I.e., if I pthread_mutex_init(&some_addr, ...), I cannot then copy the bits from some_addr to some_other_addr and then pthread_mutex_lock(&some_other_addr). Hence not movable.
> Moving a mutex is otherwise non-sensical once the mutex is visible
What does "visible" mean here? In Rust, if you hold a mutable reference to an object, there are no other references to that object, hence it is safe to move.
I’m actually thinking of the sheer size of pthread mutexes. They are giant. The issue says that they wanted something small, efficient, and const constructible. Pthread mutexes are too large for most applications doing fine-grained locking.
Seems like the simple solution to this problem would be to have both, no?
A simple native lock in the standard library along with a nicer implementation (also in the standard library) that depends on the simple lock?
My takeaway is that the documentation should make more explicit recommendations depending on the situation -- i.e., people writing custom allocators should use std mutexes; most libraries and allocations that are ok with allocation should use parking_lot mutexes; embedded or libraries that don't want to depend on allocate should use std mutexes. Something like that.
Author of the original WTF::ParkingLot here (what rust’s parking_lot is based on).
I’m surprised that this only compared to std on one platform (Linux).
The main benefit of parking lot is that it makes locks very small, which then encourages the use of fine grained locking. For example, in JavaScriptCore (ParkingLot’s first customer), we stuff a 2-bit lock into every object header - so if there is ever a need to do some locking for internal VM reasons on any object we can do that without increasing the size of the object
> The main benefit of parking lot is that it makes locks very small, which then encourages the use of fine grained locking. For example, in JavaScriptCore (ParkingLot’s first customer), we stuff a 2-bit lock into every object header - so if there is ever a need to do some locking for internal VM reasons on any object we can do that without increasing the size of the object
IMHO that's a very cool feature which is essentially wasted when using it as a `Mutex<InnerBlah>` because the mutex's size will get rounded up to the alignment of `InnerBlah`. And even when not doing that, afaict `parking_lot` doesn't expose a way to use the remaining six bits in `parking_lot::RawMutex`. I think the new std mutexes made the right choice to use a different design.
> I’m surprised that this only compared to std on one platform (Linux).
Can't speak for the author, but I suspect a lot of people really only care about performance under Linux. I write software that I often develop from a Mac but almost entirely deploy on Linux. (But speaking of Macs: std::mutex doesn't yet use futexes on macOS. Might happen soon. https://github.com/rust-lang/rust/pull/122408)
> I suspect a lot of people really only care about performance under Linux
Yeah this is true
How can a parking_lot lock be less than 1 byte? does this uses unsafe?

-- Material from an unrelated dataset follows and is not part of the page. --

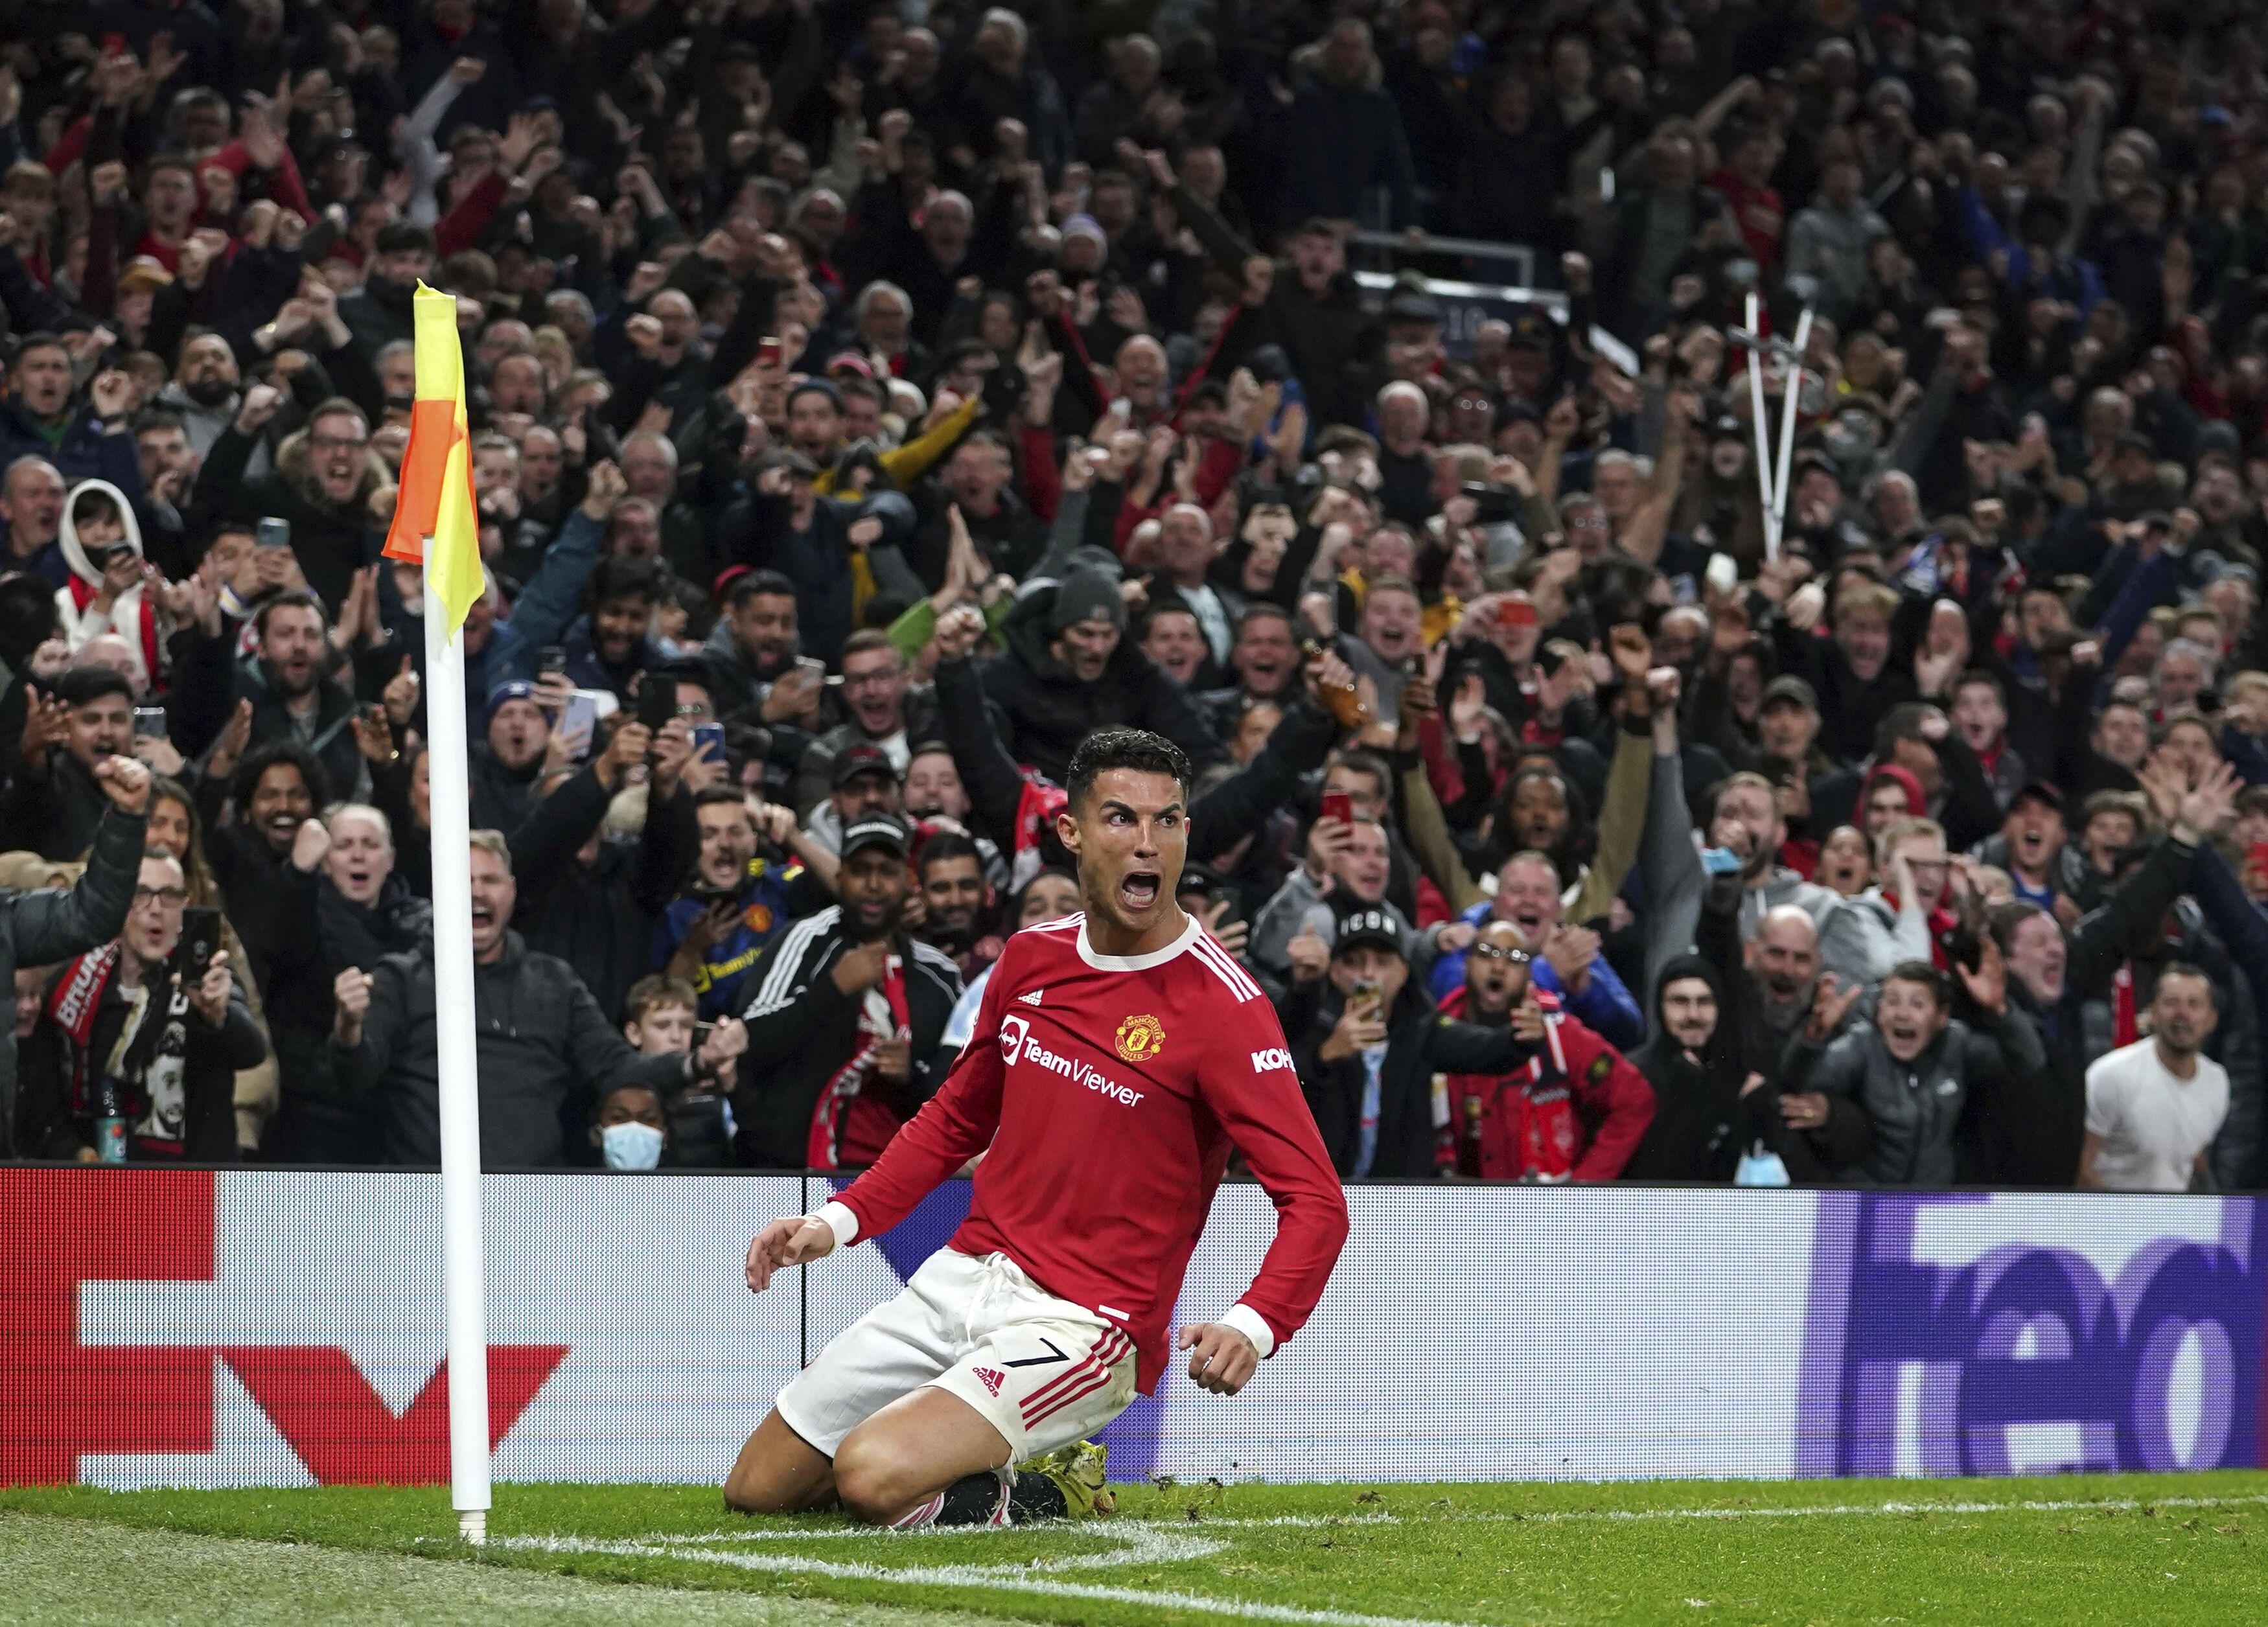 otro gol de cristiano salva al united en la champions

Rust in general doesn't support bit-level objects unless you cast things to [u8] and do some shifts and masking manually (that is, like C), which of course is wildly unsafe for data structures with safety invariants
I don’t know the details of the Rust port but I don’t imagine the part that involves the two bits to require unsafe, other than in the ways that any locking algorithm dances with unsafety in Rust (ownership relies on locking algorithms being correct)
This is very similar to how Java's object monitors are implemented. In OpenJDK, the markWord uses two bits to describe the state of an Object's monitor (see markWord.hpp:55). On contention, the monitor is said to become inflated, which basically means revving up a heavier lock and knowing how to find it.
I'm a bit disappointed though, I assumed that you had a way of only using 2 bits of an object's memory somehow, but it seems like the lock takes a full byte?
The idea is that six bits in the byte are free to use as you wish. Of course you'll need to implement operations on those six bits as CAS loops (which nonetheless allow for any arbitrary RMW operation) to avoid interfering with the mutex state.
This is one of the biggest design flaws in Rust's std, in my opinion.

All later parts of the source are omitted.